Here's a picture to follow up the error.

http://i172.photobucket.com/albums/w29/PunkORama87/ForamtFactoryerror.jpg


----------



## Old Rich (May 31, 2007)

*Re: Format Factory exe. error*

What is it? Is it something you installed or uninstalled?


----------



## Wayne1987 (Sep 14, 2010)

*Re: Format Factory exe. error*

It is a Fresh install of a program i need, this error pops up once i click on it.

http://www.formatoz.com/download.html


----------



## Wayne1987 (Sep 14, 2010)

*Re: Format Factory exe. error*

The Software won't open correctly once i click on the start file, it says it can not be ran, in so many words. 
C:\Program Files\FreeTime\FormatFactory\FormatFactory.exe

This application has failed to start because the application configuration is incorrect. Reinstalling the application may fix this problem.

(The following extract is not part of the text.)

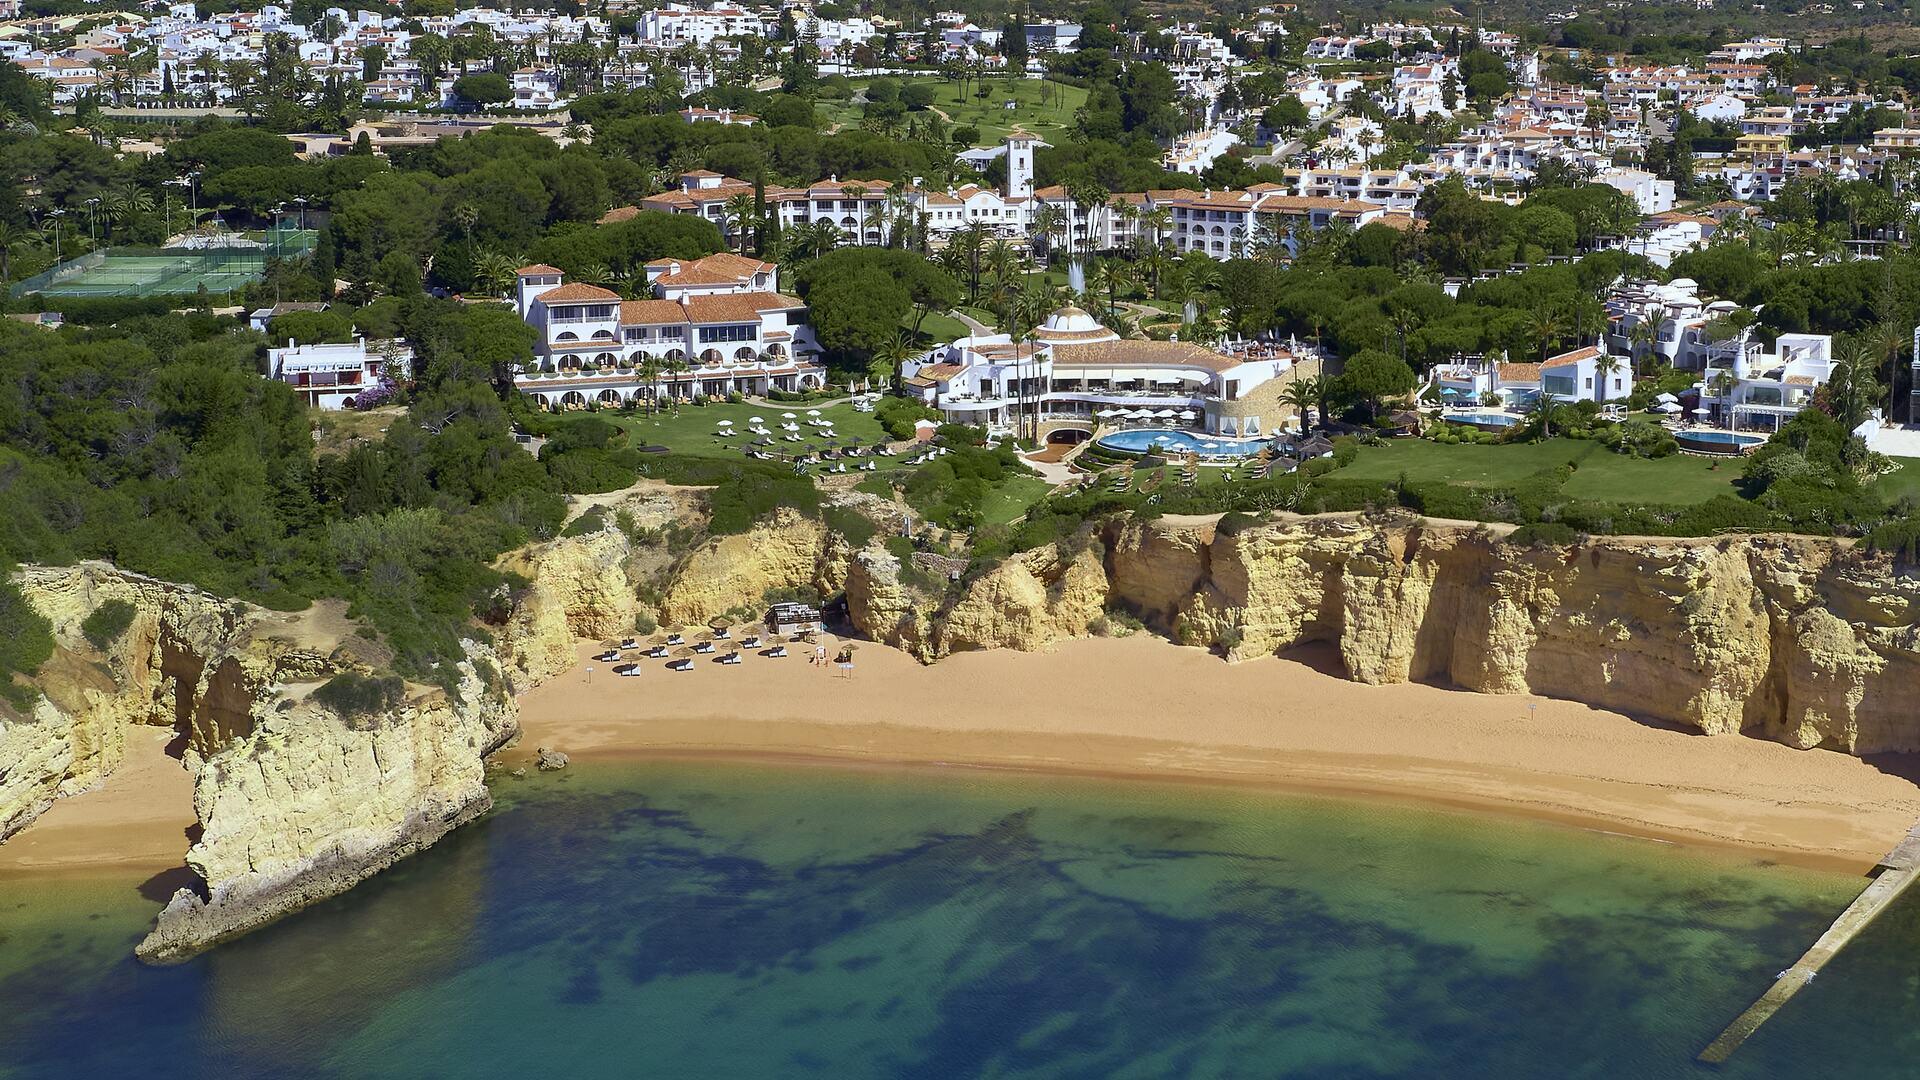 Vila Vita Parc aerial view.

But Reinstalling the application doesn't fix anything i still get the same error never ending.


----------



## Old Rich (May 31, 2007)

*Re: Format Factory exe. error*

Is that program compatible with your operating system? Has it ever run correctly?


----------



## Wayne1987 (Sep 14, 2010)

*Re: Format Factory exe. error*



simpswr said:


> Is that program compatible with your operating system? Has it ever run correctly?


Yeah the people that make this software say it is, it's worked before it just started giving me this error.


----------



## Old Rich (May 31, 2007)

*Re: Format Factory exe. error*

I would uninstall it using Revo uninstaller, reboot then reinstall. Use the fourth setting

http://www.softpedia.com/get/Tweak/Uninstallers/Revo-Uninstaller.shtml


----------



## Wayne1987 (Sep 14, 2010)

*Re: Format Factory exe. error*

worked, Thanks.


----------



## Old Rich (May 31, 2007)

*Re: Format Factory exe. error*

Great!!


----------